Task to carry out
Write out the data word for word and omit every picture.

Information provided
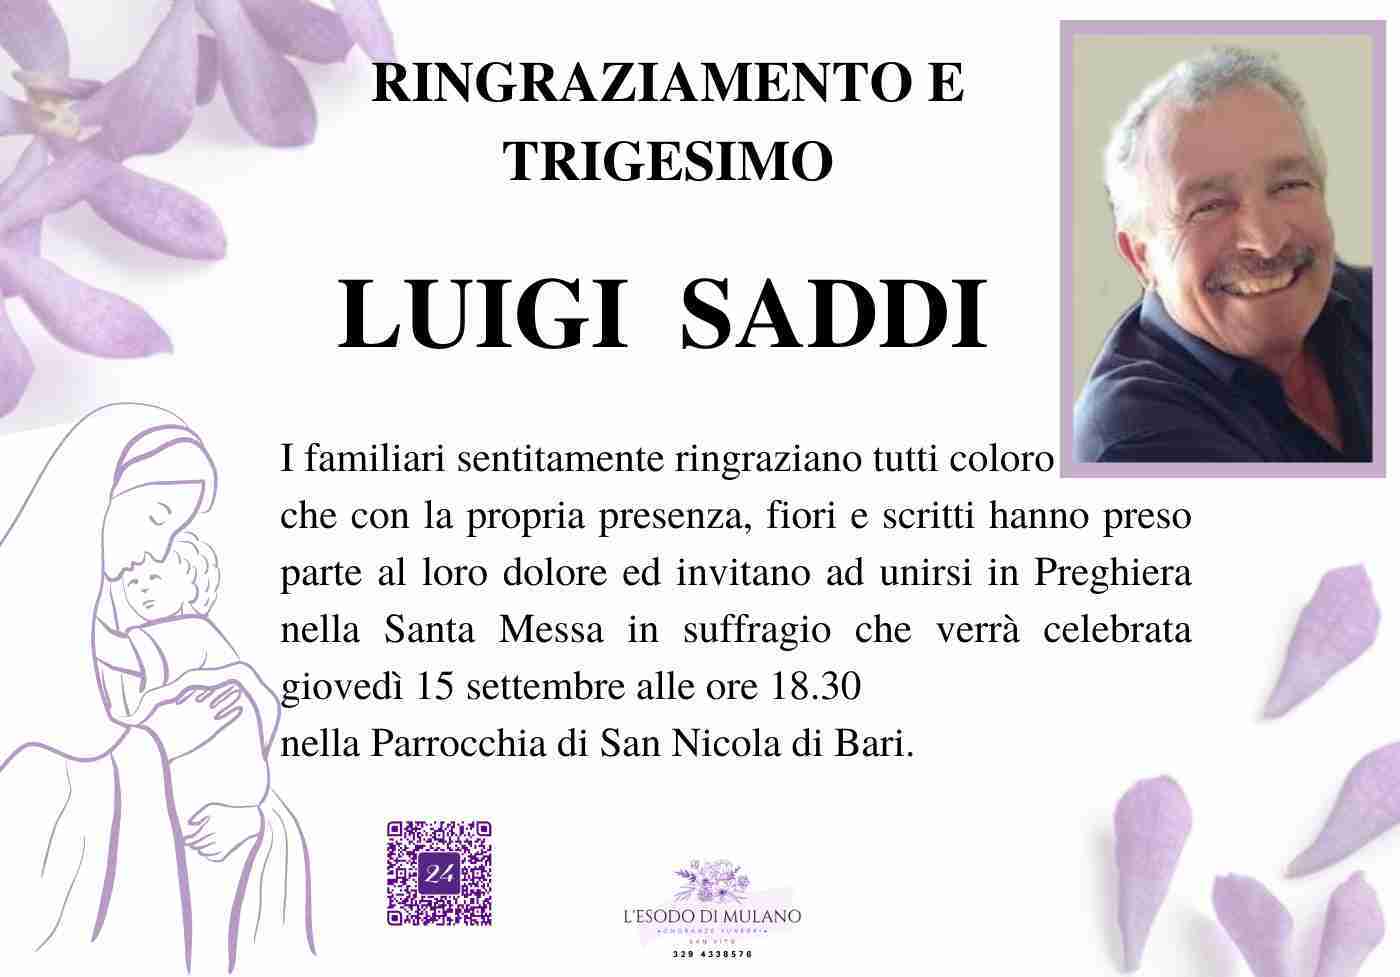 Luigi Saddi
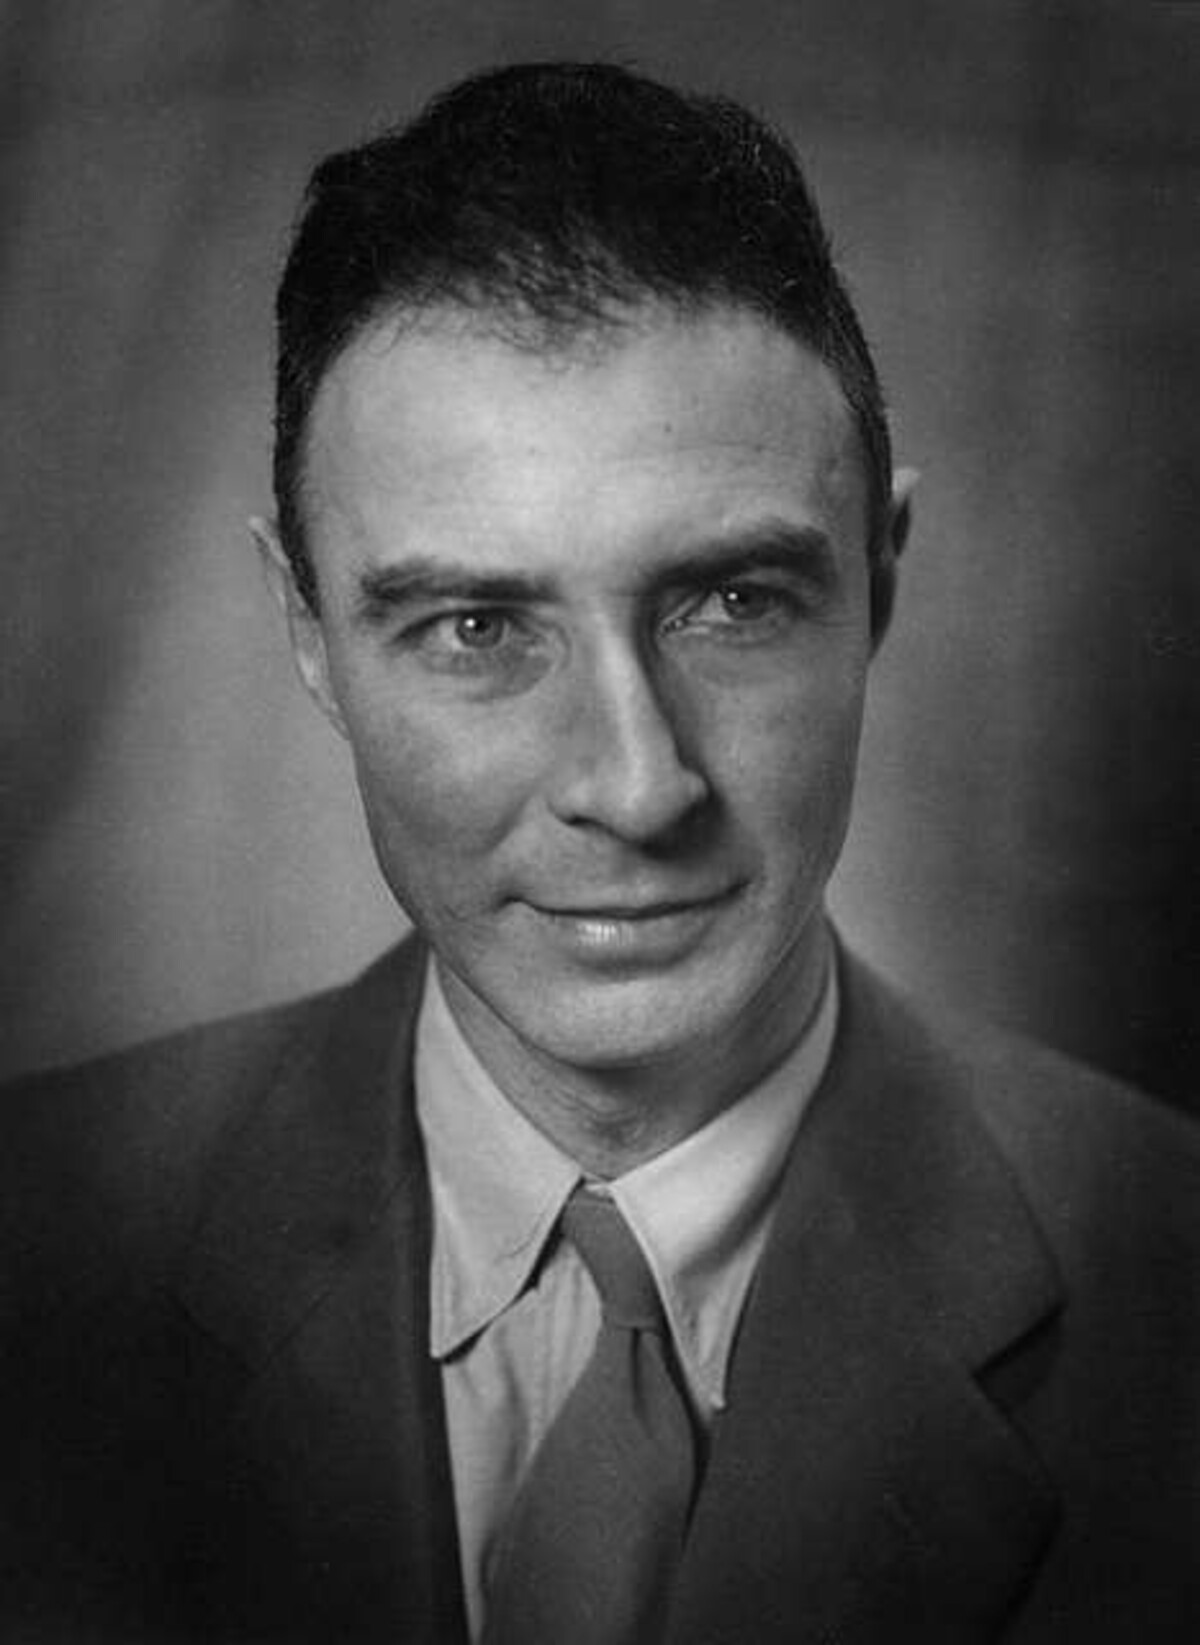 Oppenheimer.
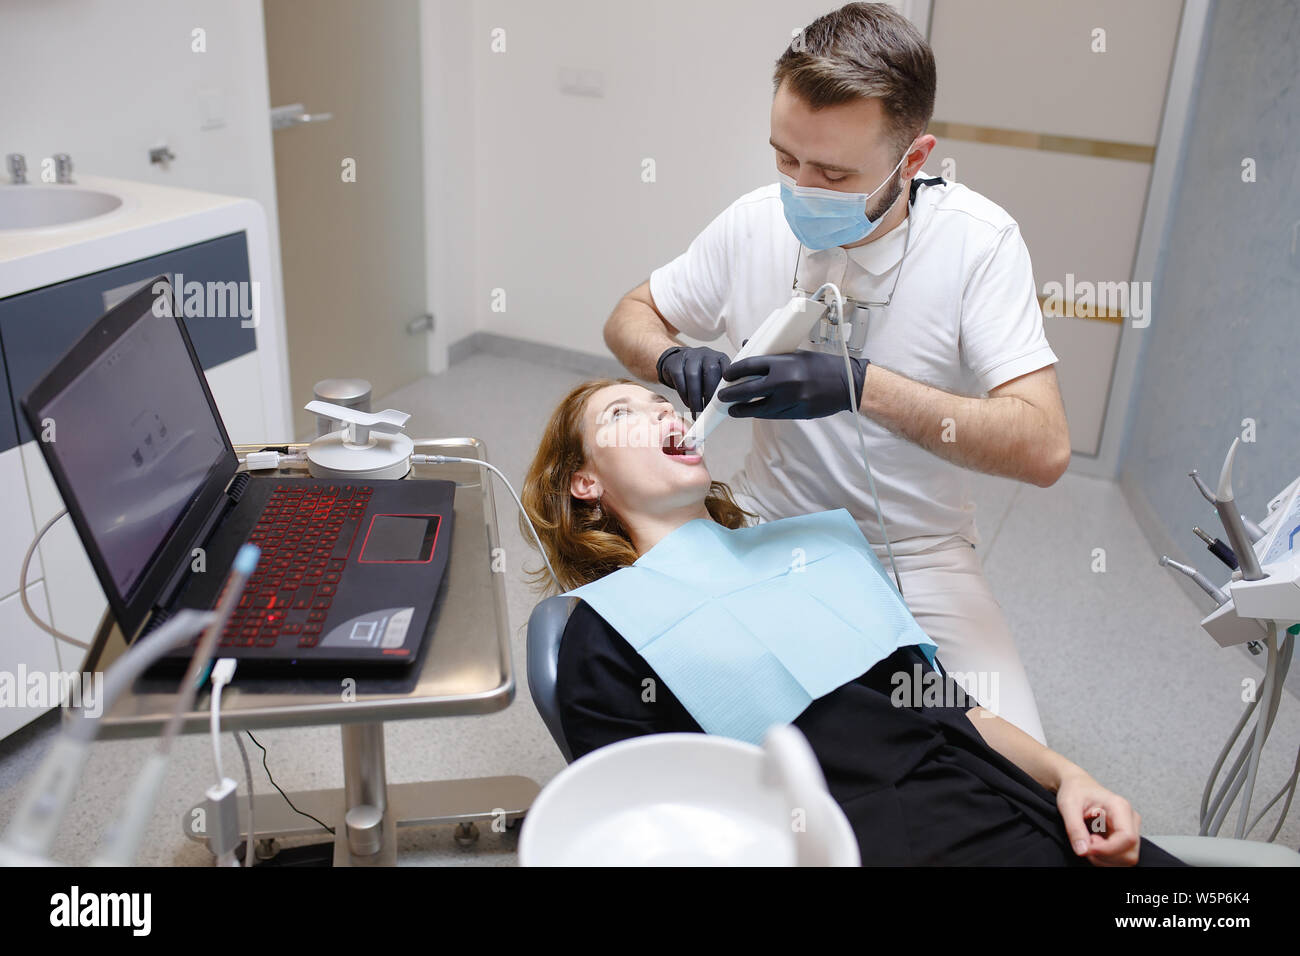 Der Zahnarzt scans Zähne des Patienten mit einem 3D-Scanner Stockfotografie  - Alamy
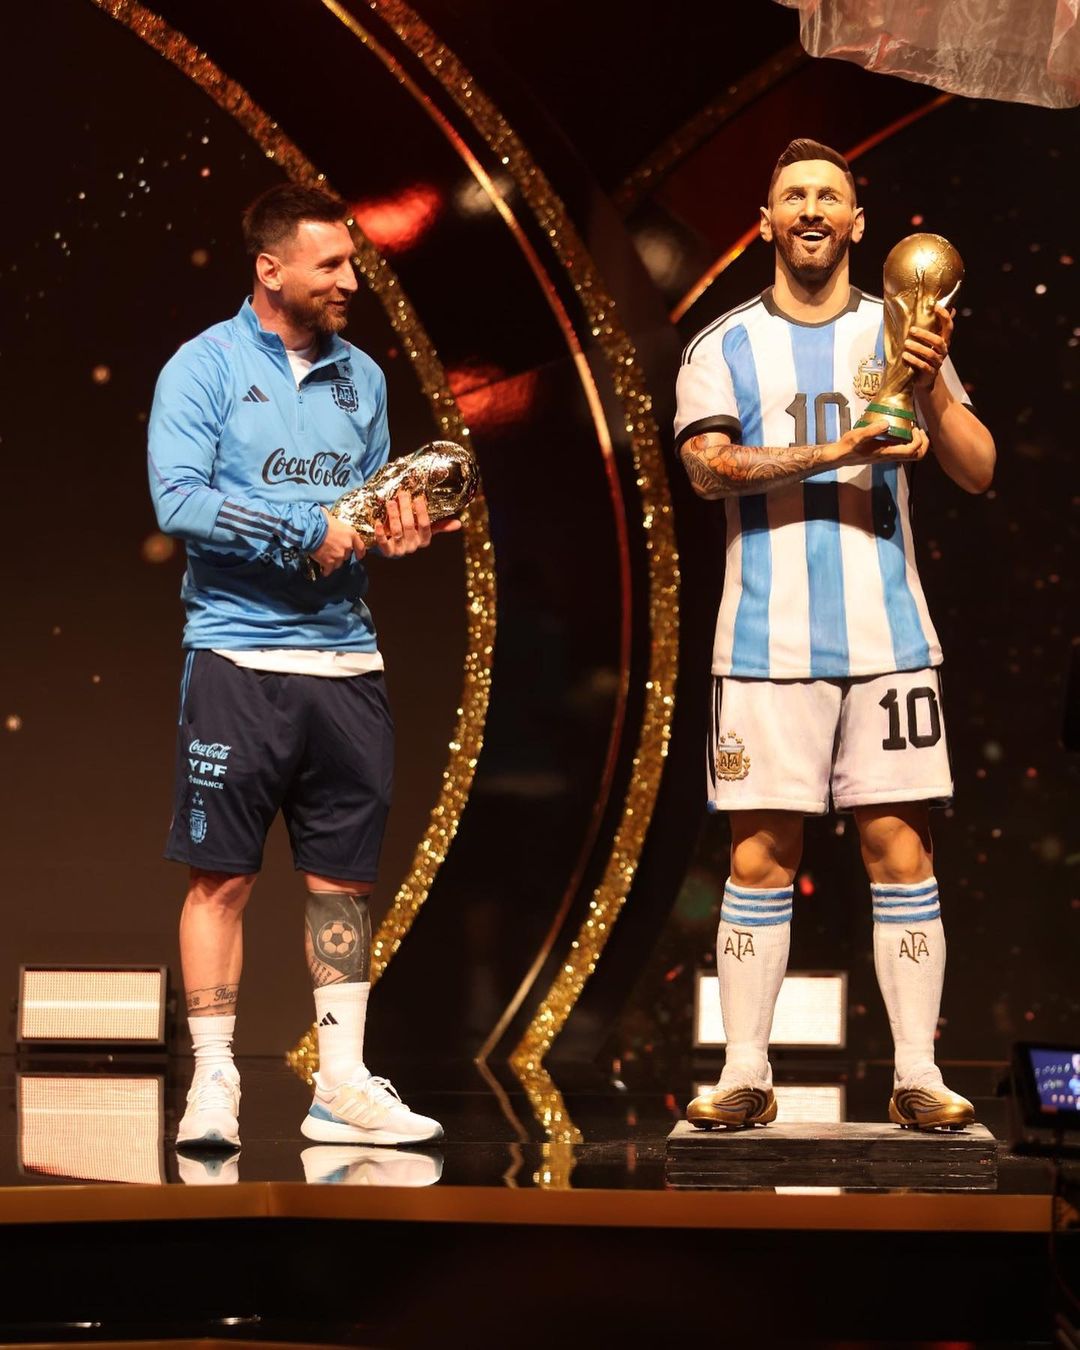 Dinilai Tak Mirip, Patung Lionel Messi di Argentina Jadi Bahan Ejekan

Reply to the task
 Luigi Saddi
 Oppenheimer.
 Der Zahnarzt scans Zähne des Patienten mit einem 3D-Scanner Stockfotografie  - Alamy
 Dinilai Tak Mirip, Patung Lionel Messi di Argentina Jadi Bahan Ejekan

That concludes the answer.